Training and practice: If the EMD is amenable and the call isn’t too traumatic, consider using the call’s audio as a training opportunity for your agency. Have your other EMDs talk about what they would’ve done in the same situation and point out the things that the original EMD did well. If you don’t already have ground rules for reviewing calls taken by your agency’s EMDs, it might be a good idea to lay some down. If the EMDs reviewing the call become overly critical of the EMD who originally handled the call, remind them that they have the luxury of hindsight and don’t have to make split-second decisions with limited information.

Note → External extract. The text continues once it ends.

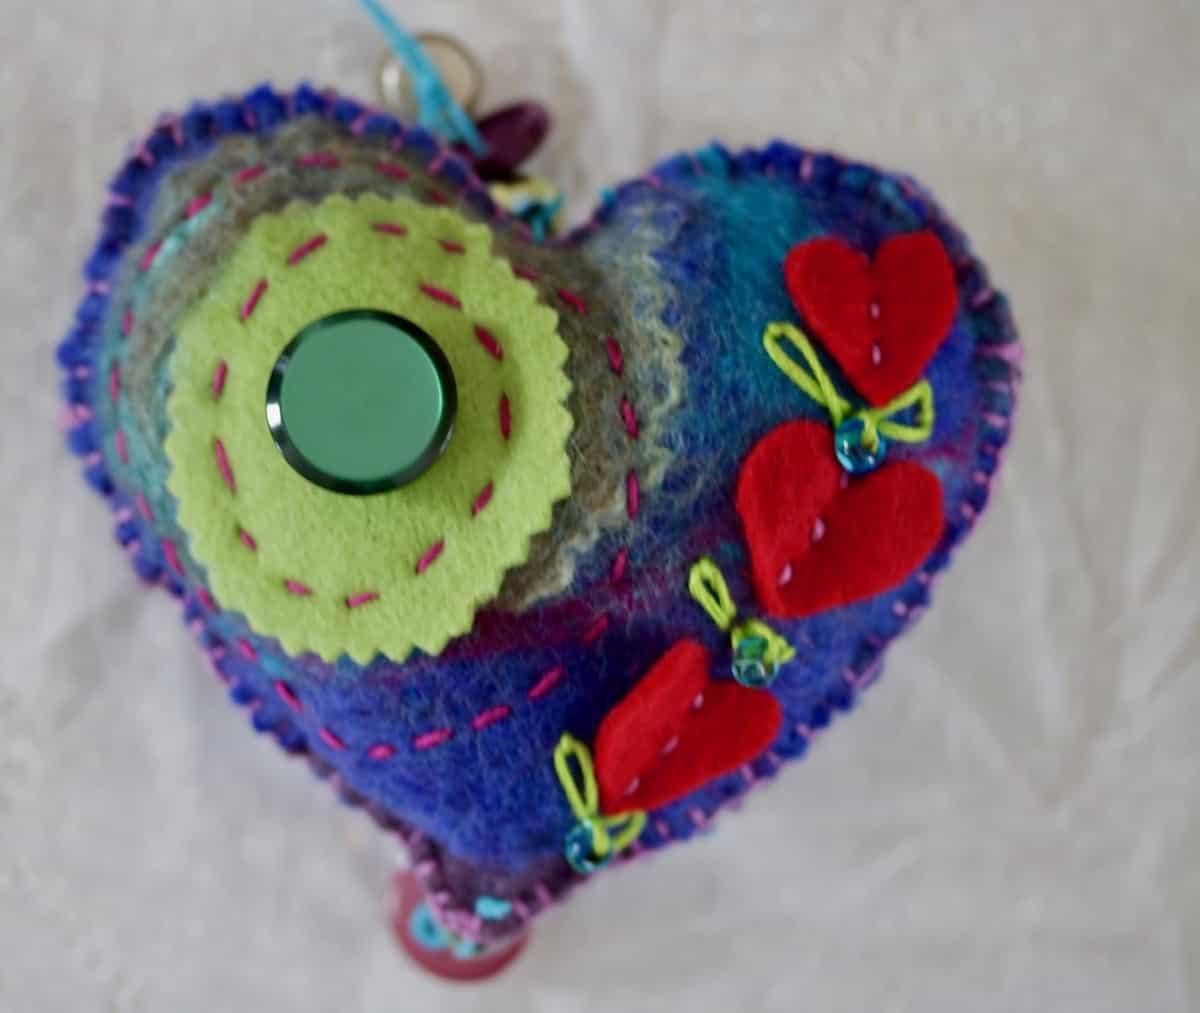 artistic heart made from felt

If that isn’t something your agency can do, you can make sure that your EMDs revisit the Protocol 41: Caller in Crisis (1st Party only) training on the College of Emergency Dispatch on an annual or semi-annual basis. Make sure that the first time an EMD uses this Protocol/Chief Complaint isn’t when they are on the line with a caller who is actively in crisis! Being able to comfortably navigate the Emotional Control Tool and other connection prompts, as well as the response types your agency has available, is crucial in a time of heightened stress.
Cases with a caller in crisis are going to be very challenging, whether the caller has a plan to kill themselves or is experiencing ideation. The EMD must be flexible enough to jump to the Emotional Control Tool at any point in the call and bounce back and forth between that and the more typical Protocol questions. As an EMD-Q, you will need to have a lot of compassion for both the EMD and the caller during the interaction, and that compassion can be shown by using the experience to educate the EMD rather than penalize them for deviations.